22733 Private Leonard Percy Watson, Wiltshire Regiment was born in Trowbridge in 1893, and died of his wounds on 7th August 1916, aged 23. He is buried in Etaples Military Cemetery, Pas de Calais, France in plot 1X.C.17.

The Wiltshire Regiment was involved around this date in attacks near to Thiepval and Pozieres and Leonard will almost certainly have been wounded in one of these battles.

It has been surmised that he may have been injured in the gas attack on the Wiltshires’ position in the trenches at Beaumont Hamel on either 26th or 28th July and was evacuated to a hospital at Etaples where he died a few days later. This would explain his known grave where the inscription reads: Until the day breaks and the shadows flee away.

Leonard was the son of Alice and Alfred Watson who had nine children, of whom eight had survived to 1911. Alfred who was born in Melksham in 1862 was a cattleman at Hulbert Farm, Middle Hill, Box in 1901.

In the 1911 census, Leonard was living with his parents, two brothers and three sisters in the family home at Dane Bottom in Winsley. Both father Alfred and son Leonard are listed as Farm Labourers.

At the time of Leonard’s death, the family were living at Hartley, Winsley.

PRIVATE ROBERT WILCOX Winsley War Memorial

8051 Private Robert Wilcox of the 2nd Battalion Welsh Regiment was born in Westwood, and was killed in action very early in the war in France on 26th September 1914.

His name is recorded on La Ferte-sous-Jouarre Memorial, Seine-et-Marne, France. The 2nd Battalion landed at Le Havre on 13 August 1914 on the Braemar Castle and immediately marched to the front as part of the British Expeditionary Force. It is likely that Robert was killed in the Battle of Picardy which ran for a few short days from 22 September to 26 September. Like the other 3,500 commemorated on this memorial, he has no known grave.

Robert was born in 1886 in Lea Green, Westwood and was the sixth of eight children born to Thomas and Mary Wilcox, both born in 1854 in Bradford on Avon. Thomas was a stone quarryman working in the mines at Westwood at the time of the 1891 census with Robert shown as a scholar aged 5. By 1901 he was living at 45 Shop Road in Wingfield (then known as Winkfield with Rowley) with his eldest brother George. George was shown as Head of the family as his father, Thomas, had died by that date. Robert was by then a mason’s labourer, aged 15.

By 1911, aged 25 he had already enlisted in the 2nd Battalion Welsh Regiment and was based at their Pembroke Barracks. Robert’s older brother Albert was living in Murhill as a roadman for Wiltshire County Council in 1911.

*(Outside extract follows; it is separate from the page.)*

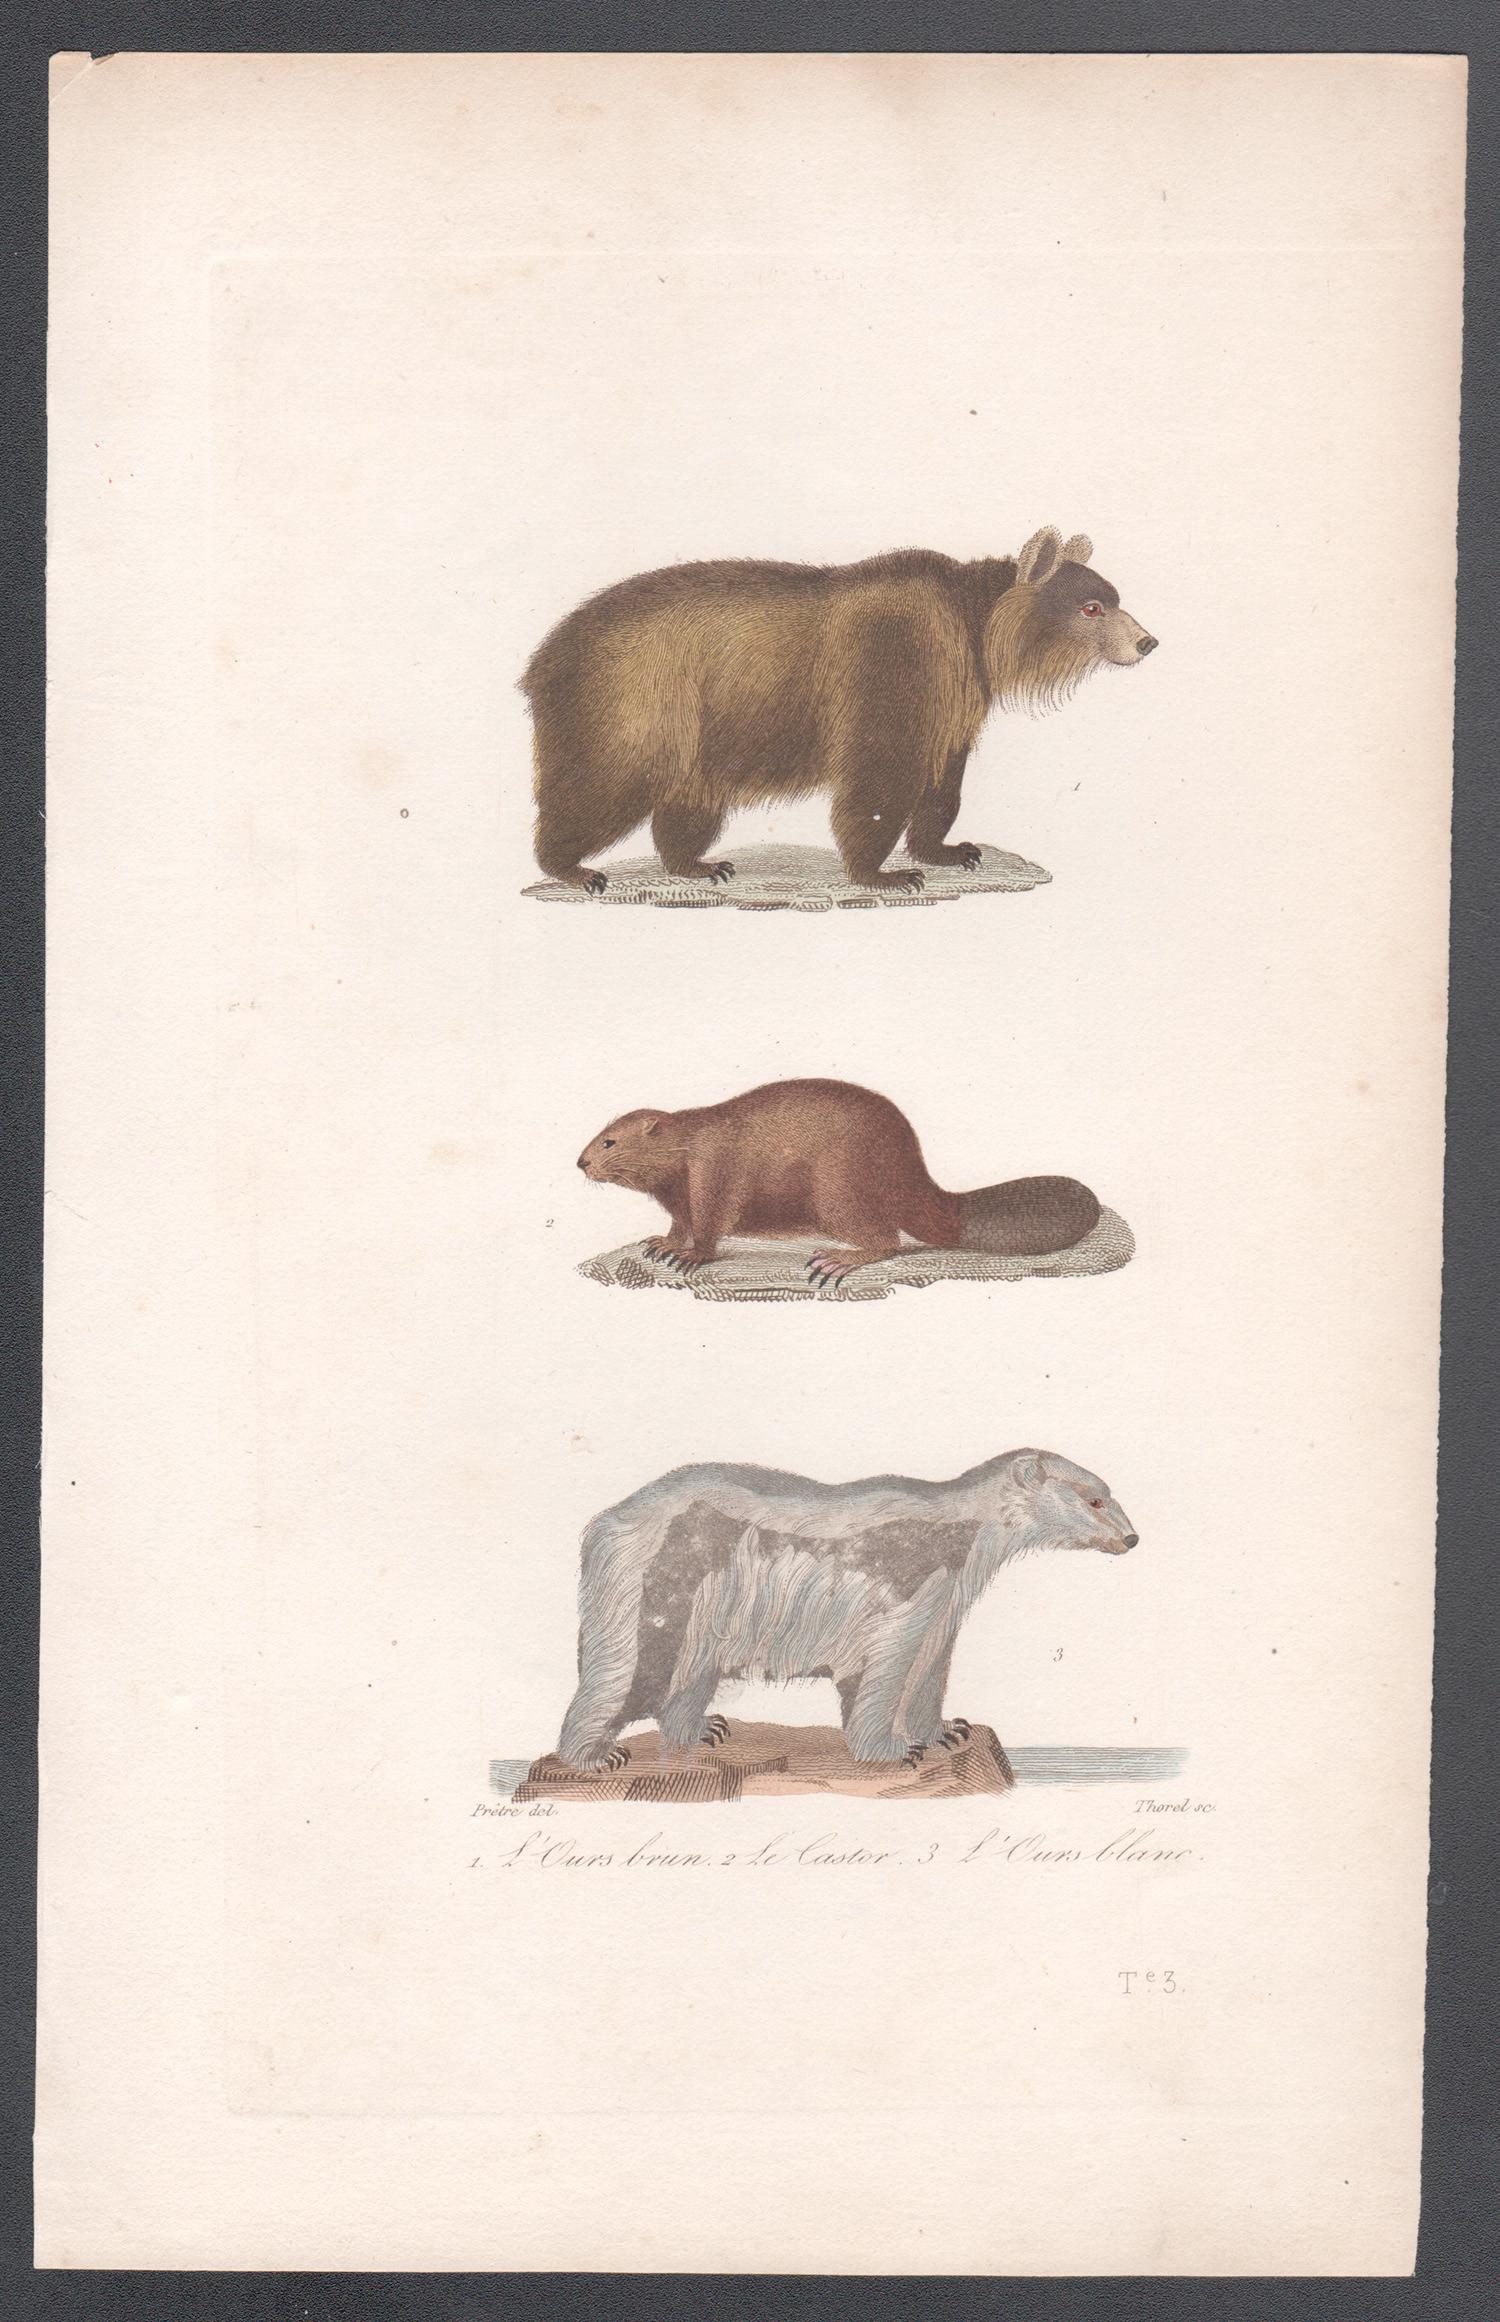 Ours brun, castor, ours polaire, gravure animalière du milieu du 19e siècle français - Print de Unknown

Mabel Sartain, who was his sweetheart whom he wished to marry, was named as beneficiary in a letter from Robert. Mabel was born in Winsley but was working in Bath as a servant in 1901 and 1911. Her family remained in either Winsley or Murhill and her father died in Winsley in 1951. Mabel herself married at the end of 1918. WINSLEY SOCIAL CLUB HONOURS BOARD

In the course of the research for this booklet, a memorial was also discovered in the Winsley Social Club situated in the old Winsley school. This, as mentioned in the previous section on Winsley in 1914, is unusual in that it commemorates all those who were called up including those who were fortunate to return. Those who died are shown with an eight petalled flower although it is incomplete in that respect, as Pt Angell FS and Capt Brooks are shown but do not have a flower alongside their name, whilst Lt Brinckmann is missing completely.

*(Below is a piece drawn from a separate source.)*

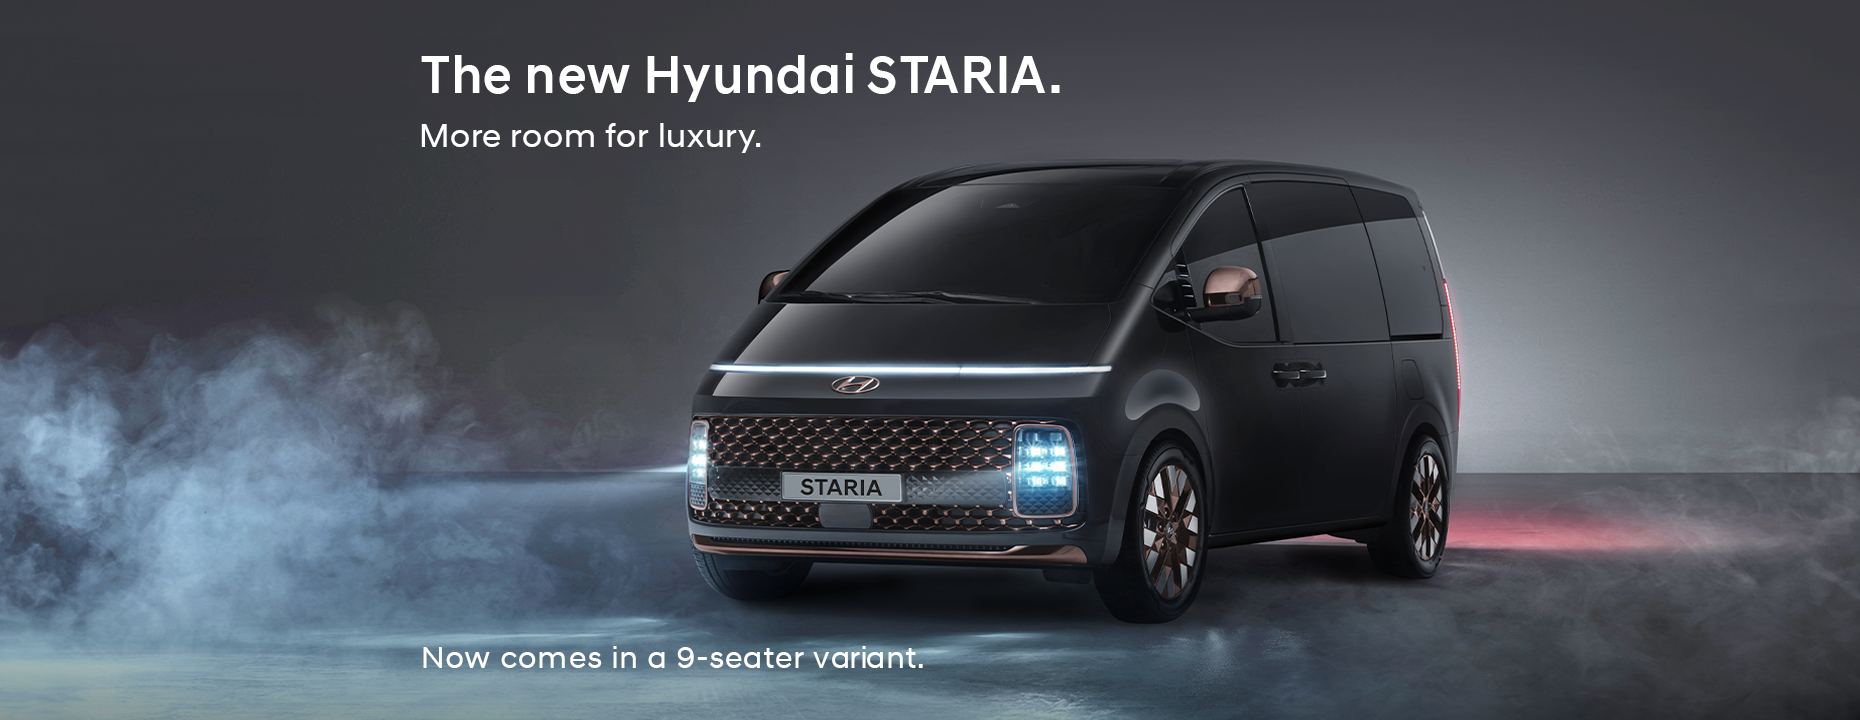 image of the Hyundai STARIA 9-seater van in black

It therefore provides an opportunity over the next four years of commemoration to discover a little about the service to their country of those who survived. This may result in a similar style booklet when we come to the conclusion of the commemorations in 2018. We will therefore again be seeking information from surviving relatives over time whilst delving through war diaries, regimental histories and census information. What is already clear from the board is the number of families where more than one son was called up.